When there is a symptom, with TCM you often treat another organ (for example, in the case of a trigeminal pain for a patient, you treat the kidney). Can you explain why?

When a person suffers from illness or presents a series of symptoms, it can be due to an imbalance of a particular Zang Fu/organ within the body. The treatment can be done on the respective meridian or another location away from the affected area. For example, in the case of trigeminal neuralgia, treatments can be made on the Shao Yang Gall Bladder Meridian, where the acupoints are located on the facial region, or acupoints in Shaoyang San Jiao Meridian, accompanied by the acupoints on Shao Yin Kidney Meridian such as Taixi (K3).
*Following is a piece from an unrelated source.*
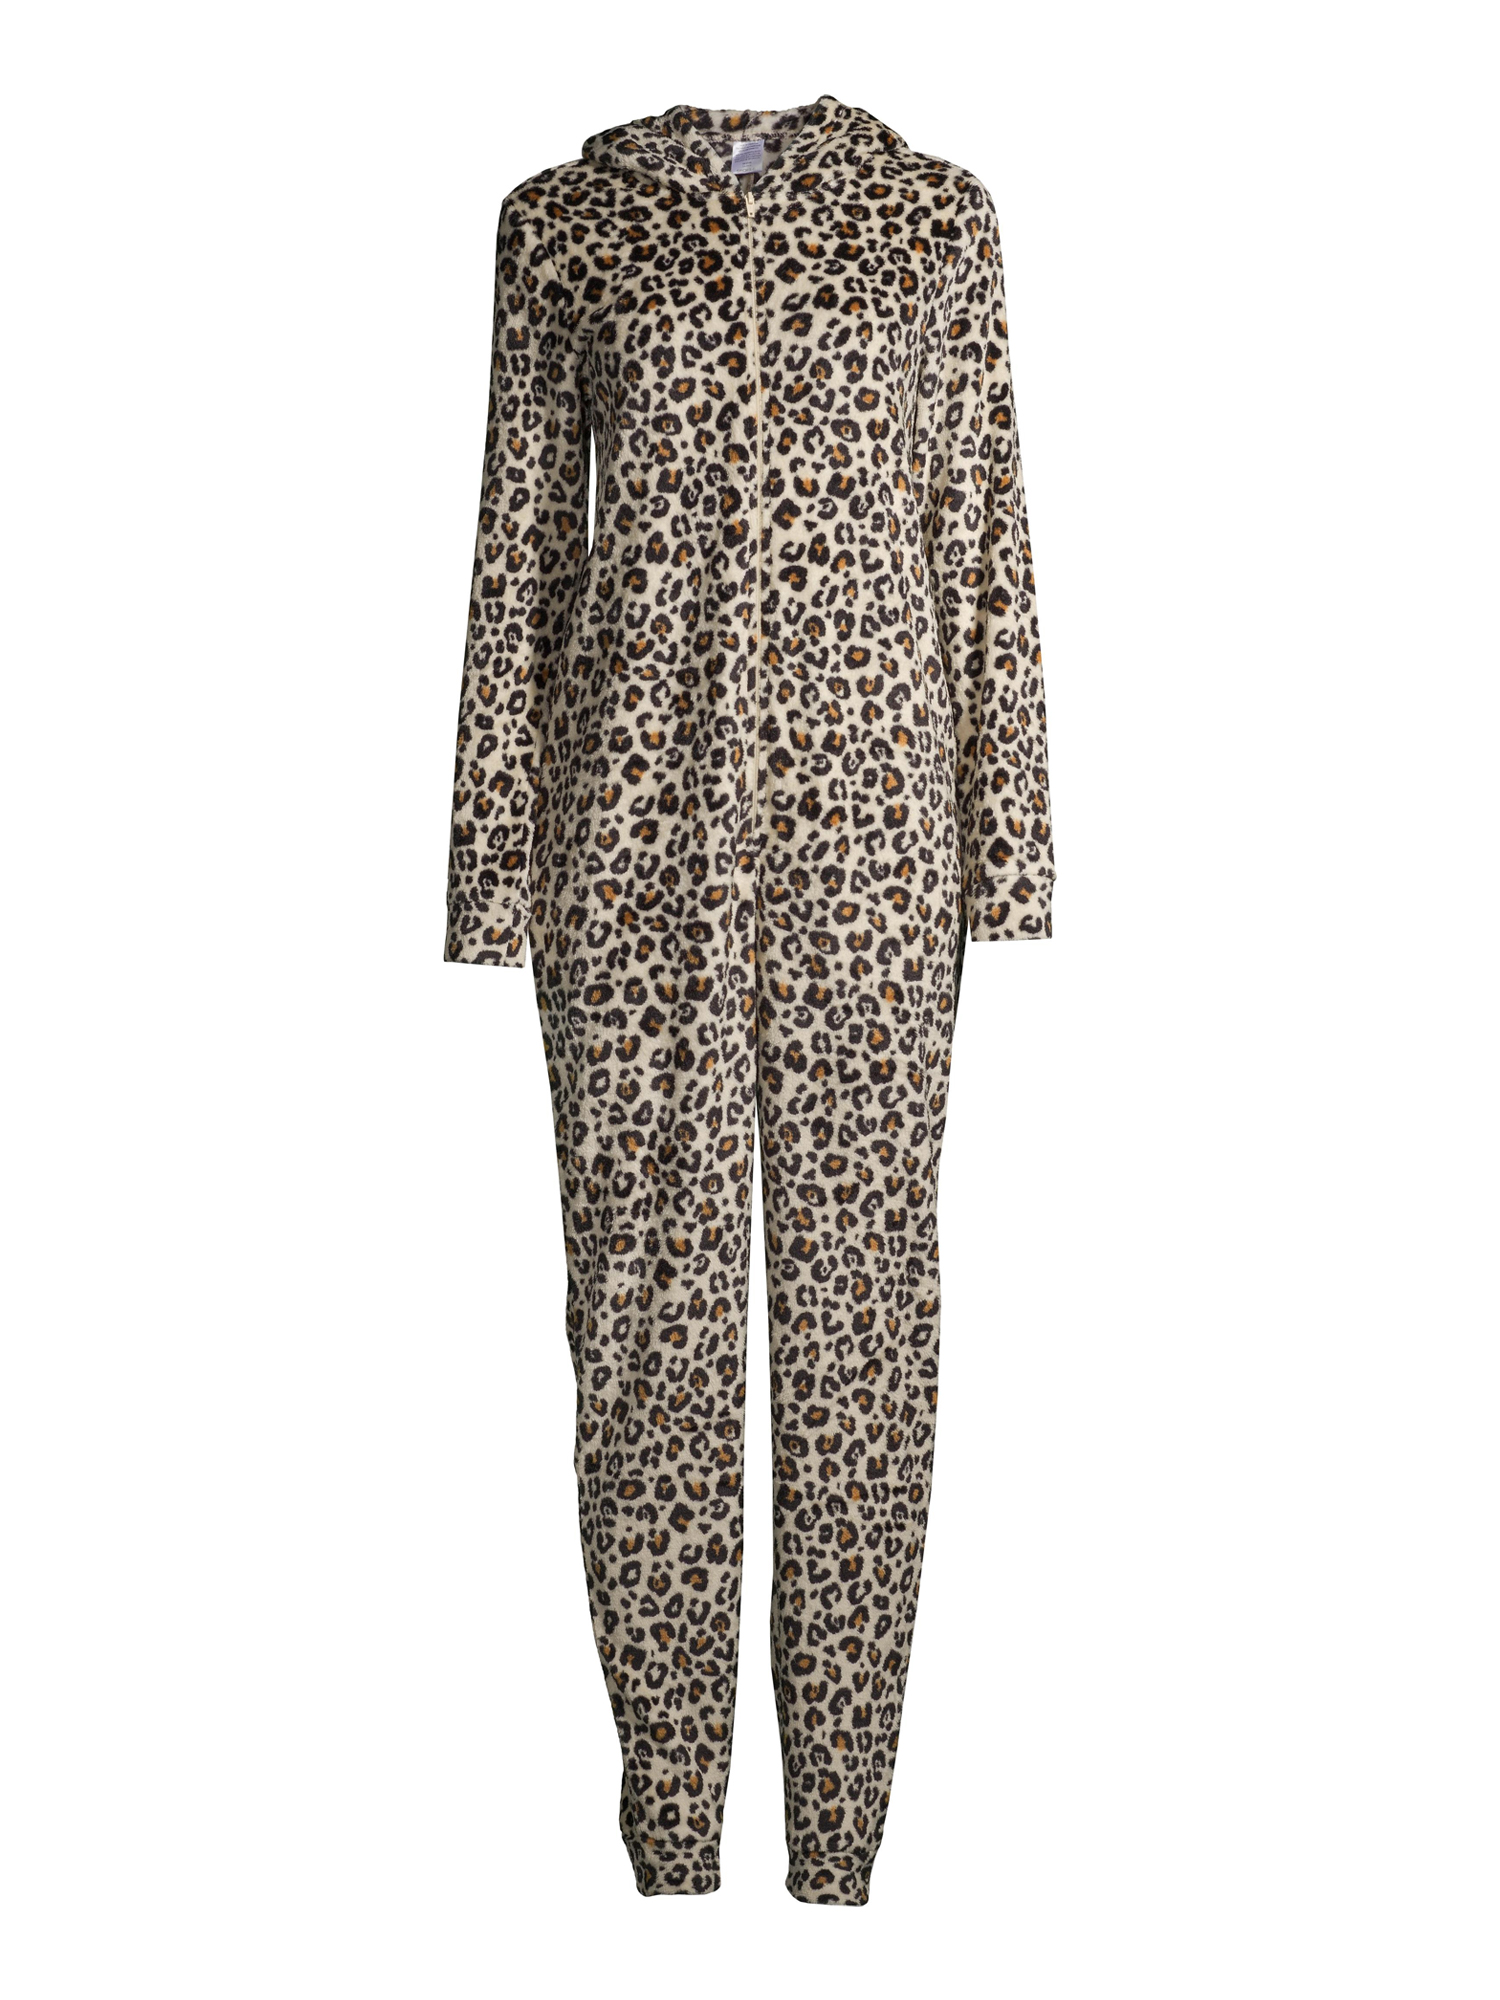 George Women's Leopard Print Union Suit - image 3 of 6

The kidney, as a Zang Fu, controls the nerves in the entire body.

What are the ECIWO biology and the bio-holographic law of nature?
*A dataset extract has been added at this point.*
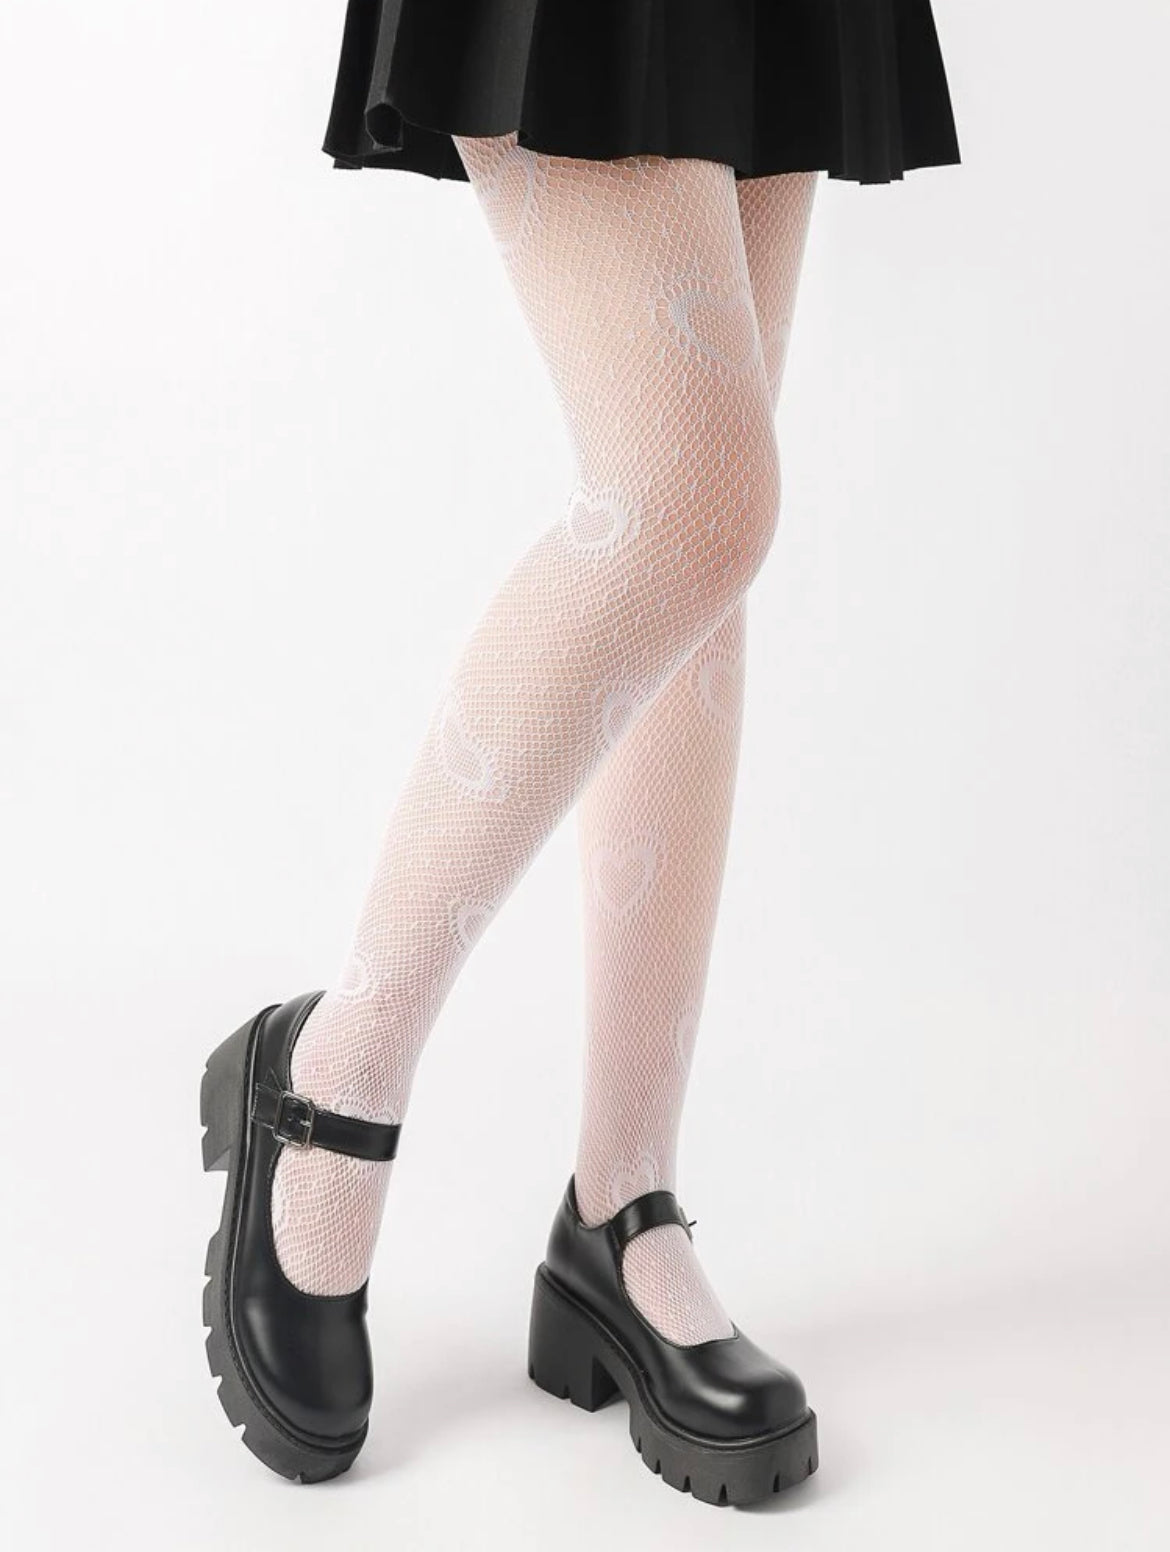 Fishnet heart stockings/heart leggings in black or white

ECIWO, or Embryo Containing Information of the Whole Organism, is a biological theory which can be applied to all living organisms. For example, each seed consists of the information equivalent to an embryo along with the “Life Force” of the plant. The quantity of seeds would reflect the life force of the fruit. In practice, between a kiwi and an orange, the kiwi will have more life force as it contains more seeds than the orange. By consuming the fruit, a person introduces more life force into his body and will absorb the benefits of the fruit. Similarly, this theory can be applied to the human body for diagnostic and treatment purposes, for example, to the Acupoints located on the Long Bones System or Metacarpal Bones System. There are many ways to determine the life force of a human body, such as a person’s voice. In ancient China, before modern technology was available, a gentleman’s family would appoint a matchmaker to observe the number of siblings an ideal future daughter-in-law had, to determine the life force and fertility of the lady. Between a leaf with many edges and a leaf that is rounded nicely, the many edges are the many life forces it contains. Bio-holographic law explains the complete biological records found in any natural or- ganism of size and shape. The theory can be observed in the case of a human body, the tongue and the palm, ear, etc. It can be applied to relations between Zang Fu (main organs).

For example, a TCM physician can obtain a pulse diagnosis by palpation of the wrist and radial of the lower arm, also known as Cun Kou. It is divided into three regions, each reflecting the upper body, such as lung, heart, or blood circulation system; middle part of the body trunk such as liver, gall bladder, stomach, spleen or digestive system; and lower body, such as kidney, urinary bladder, large intestine, or reproductive system. Tongue diagnosis is another method where the different regions on the tongue reflect the different Zang Fu conditions the region is under. Very often, the above methods of diagnosis are practiced to determine the condition of a human body.

What is the difference between «classical acupuncture» and ECIWO acupuncture»?

In classical acupuncture, the main meridians from Traditional Chinese Medicine theory are used for health and treatment purposes. In the practice of ECIWO Biology in acupuncture treatments, treatment includes the use of points outside the main meridians, such acupoints from the Long Bone System or Metacarpal Bone System. This often provides greater accuracy in diagnosis and treatment of ailments when used in combination with classical acupuncture techniques.